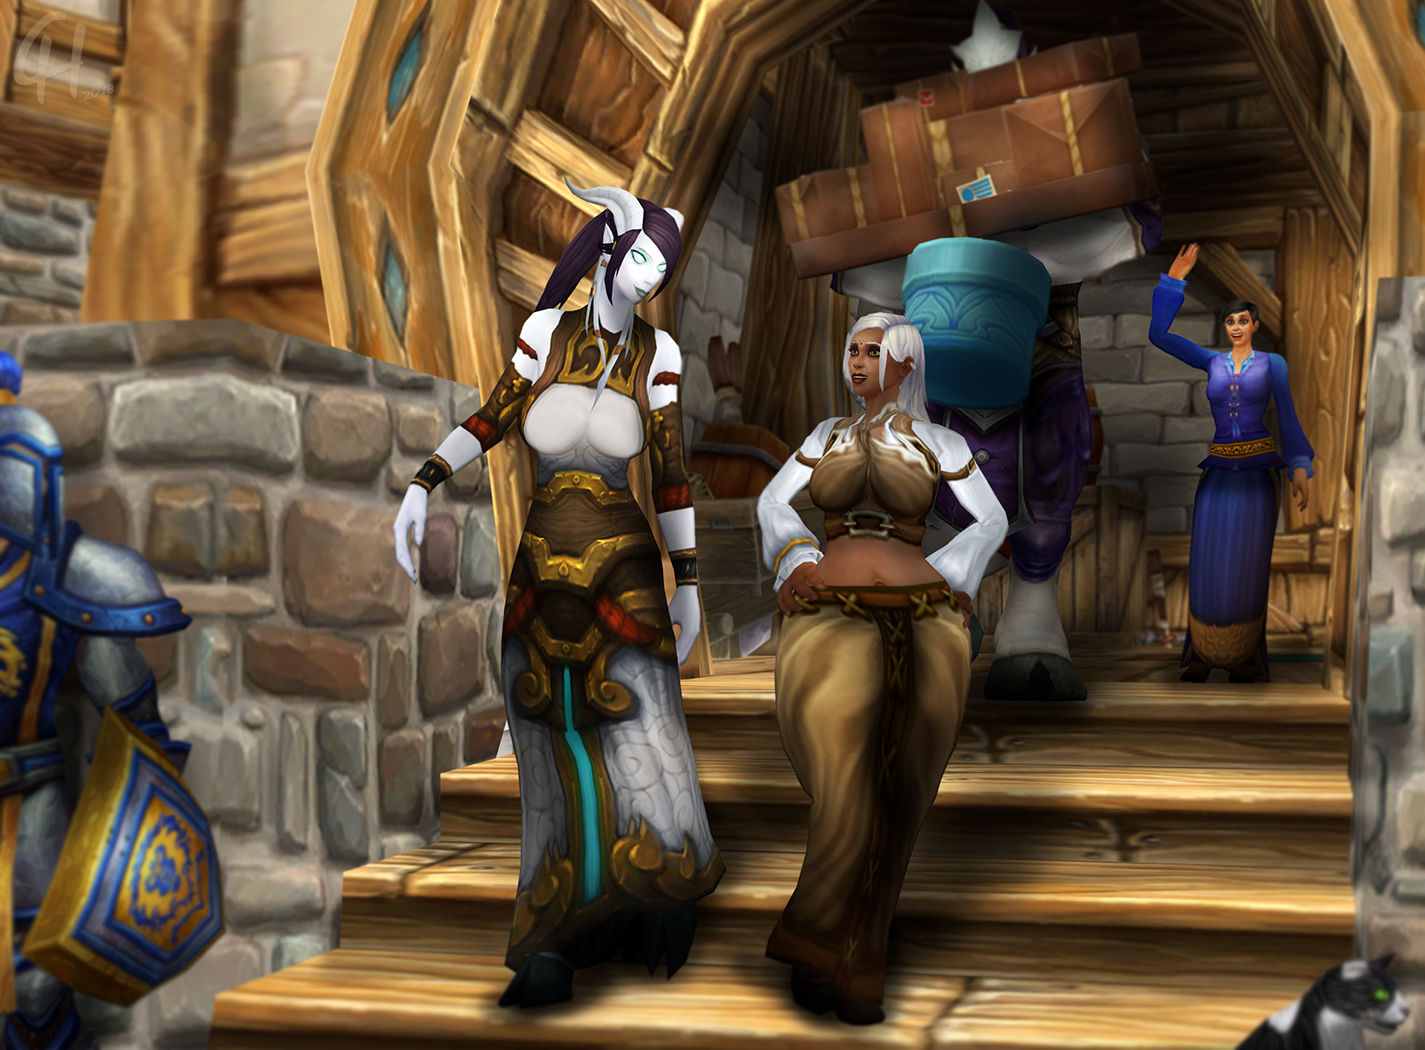 Shopping With the Girls [SFW/Human/Draenei]
While on a duty leave from her usual
post in Hearthglen, Urdina spent her
day shopping with her new friend.
Luckily her friends' brother was with
them to carry all the parcels.
[b][url=http://bakaras.com/murlocish/albums/userpics/10001/ShoppingdayUrd+DraesXL.jpg]==XL-Size Edit==?[/url][/b]
Keywords: Human;OC;Draenei;SFW

********************

> _WORK INSTRUCTION_: The line containing "While on a duty leave from her usual" begins the span, and the last line of the records above ends it. Return that span exactly, and nothing outside it.

> _RESULT FOR THIS TASK_:
While on a duty leave from her usual
post in Hearthglen, Urdina spent her
day shopping with her new friend.
Luckily her friends' brother was with
them to carry all the parcels.
[b][url=http://bakaras.com/murlocish/albums/userpics/10001/ShoppingdayUrd+DraesXL.jpg]==XL-Size Edit==?[/url][/b]
Keywords: Human;OC;Draenei;SFW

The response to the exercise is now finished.